This is Part 3 in a series. Read Part 1 here and Part 2 here.
I don’t think I have ever been so devastated in my life and I never want to be again. I’ve never had to use the word devastated before, but that’s what I was. I’ve lost my left ball for fuck’s sake! I cried until I couldn’t breathe and then I cried more. My body hurt like hell from the surgery and my lungs were gasping for breath and still I couldn’t stop. At the time I couldn’t think straight and even when I could, I couldn’t get my head around it. Why would they do that? I’m only sixteen. My body hasn’t got enough testosterone to make me fully a man. One ball, that’s like half a eunuch / half a gelding – good for nothing. What if my voice doesn’t finish breaking properly? Will I LOOK lopsided? I’ve only just got most of my body hair, will that go too? Of course, I don’t want kids now, but I might, later. I haven’t even slept with my girlfriend – will I ever get to do that? Oh, Tasha! I’ve read in books sometimes that “he cried like a little girl” but I didn’t. I bawled and screamed and cried and sniffled just like a guy whose life has been cut off, just like his left nut, before he’s had a chance to do all that bloke stuff. I must have passed out again then, what was I gonna I tell Tash?
The doctor and Mum explained it to me more once I was fully awake, but it felt like the worst nightmare ever. I was trapped in it and couldn’t get out. Instead of a cut in my sack, I had stitches and pain just above where my pubes had been. That’s a story in itself, the shaving there. So, pain and stitches on what they called the ‘bikini line’ – yeah right, bikini line! But I’m getting a bit off track. It turns out that when I was fully under, the doctor had another grope around and didn’t like the feel of my left ball. Great. So, for some reason I still don’t fully get, they cut me to the left of my dick and pulled the whole ball up through there. When he saw it, the doc went straight out to Mum in the waiting room,
“Ms Brown, I think its cancer.”
I reckon he probably told her more than that. All the technical stuff that she has always known more about than me; the fact that the cyst had overtaken the whole epididymis on my left nut and that the reason it stayed enlarged was that as the swelling from the knock to the groin was going down, cancer was coming in and taking its place. Mum reckons that there had always been the concern that my cyst might go cancerous, but we hadn’t talked about it – Mum’s a ‘don’t borrow trouble’ sort of person.
Right now though, she wasn’t borrowing trouble, it was standing in front of her and Gary in surgical scrubs offering to give her the lab results just as soon as he’d finished cutting my nut off, stuffing what was left of me back in, stitching me up and dissecting the traitorous, disloyal, backstabbing thing. I don’t blame my mum, I wouldn’t have wanted to hang on to a cancerous nut, but shit it scared me when I first felt it gone. What is the world coming to when you can’t trust your own gonads?
Later, after my chemo, I was allowed to wear a beanie to school. A teacher at the Junior School called me on it when we were over there for the some assembly or service. I can’t remember exactly what she said, but it definitely had the words “disrespectful” and “inappropriate” thrown in for good measure. I could have done it any number of ways, but I thought, damn it, she’s being so rude to me, getting up in my face. So I snapped,
“I’ve had cancer!”
I felt like adding, “Bitch” but managed to stop myself. I made her feel like shit though, which felt pretty good actually. She knew who I was, I suppose stories like mine are too good to stay secret, not that it was ever supposed to be a secret.
“Oh, you’re Sam,” and she walked off, no sorry or anything. Bitch.
After my surgery and chemo, I started riding my bike again – had mates ask about that – the pressure on my groin was obviously not a problem when I stopped catching the bus and started riding to school. Mates are funny like that; maybe it’s a guy thing. We are always, according to my sister, giving each other stick about being a man, or not. She’s probably right though, way back in Primary school I remember playing footy with my mates and it was a badge of honour to be able to walk after a good hit to the groin.
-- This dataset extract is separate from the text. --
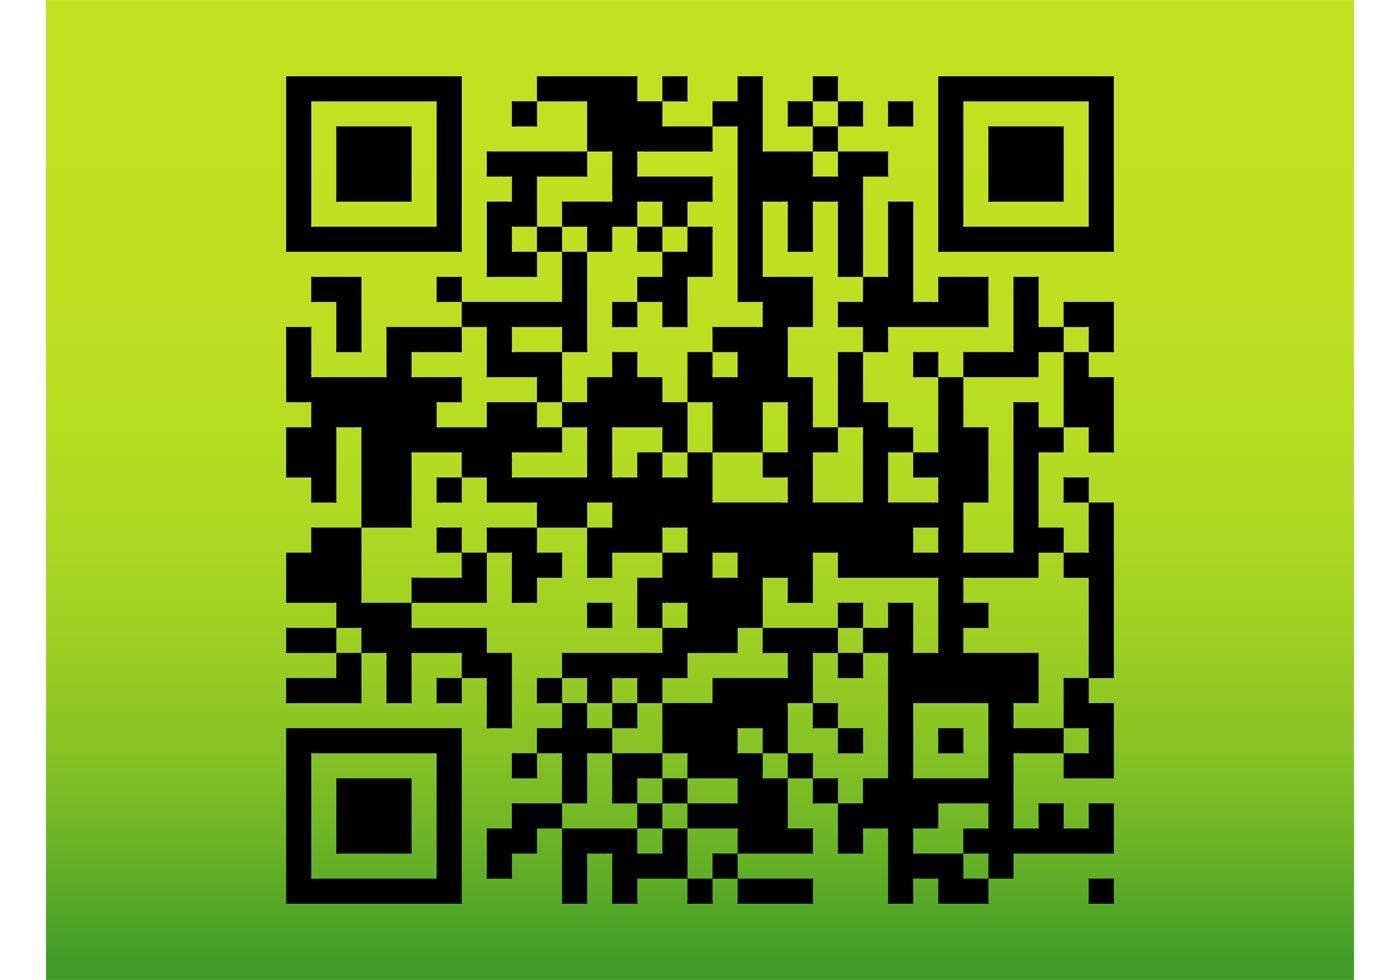 Коды картинок для онлайн игр

So most of them knew a bit about what was going on, but not much, and while I reckon they cared, what could they do? I had a third nut, and then that I’d lost my nut in surgery. Not much chat, guys don’t do that,
And that’s it. Miss reckons that girls would have laughed and cried about it together and talked about every little feeling. I don’t get it.
One thought on “Nuts, a ball and other four-letter words. A young man’s journey with testicular cancer. Part 3”
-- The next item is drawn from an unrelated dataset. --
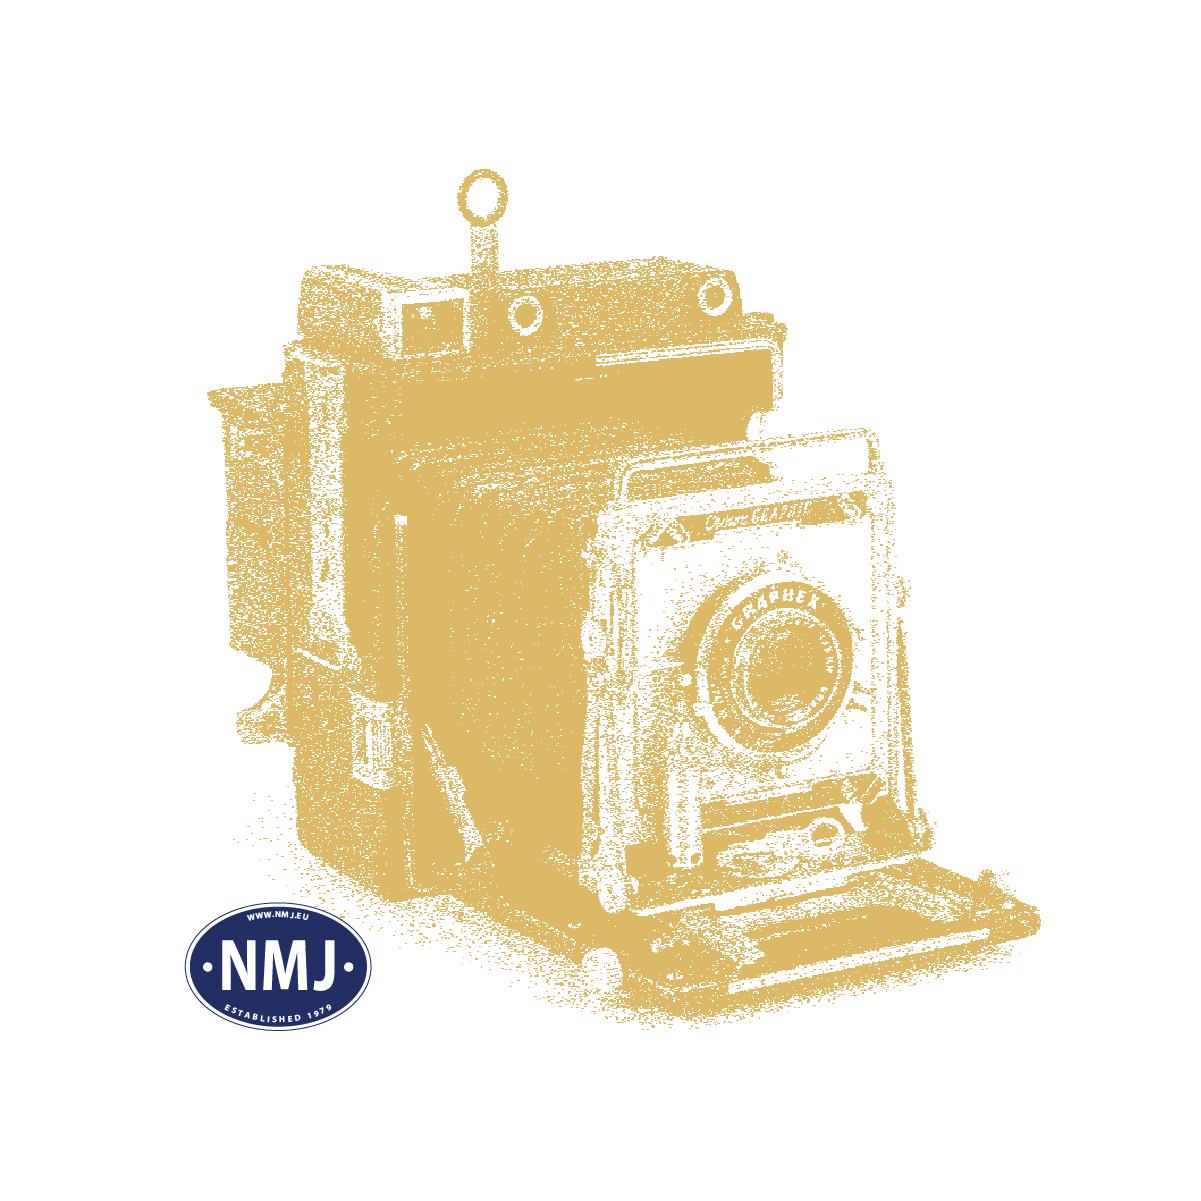 NJKSL15 - Skinnelangs 2015, Bok

Oh yes: that final bit about how men (young/old/historic/now) don’t talk about the emo stuff. Very true. It’s the go-go-zone. The mine-field that most blokes learn to tip-toe around. But here’s the thing: it’s not genetic. It is learned. None of us take a diploma in it – but it seeps in via a million pores, from birth.
Same about all the other traditional Male-Messages boys absorb. I could give you a near-infinite list!
Curiously – I haven’t blogged about my thousands of hours of men’s groups and retreats. What I’ve witnessed; what I contributed to; none f it. I wonder why?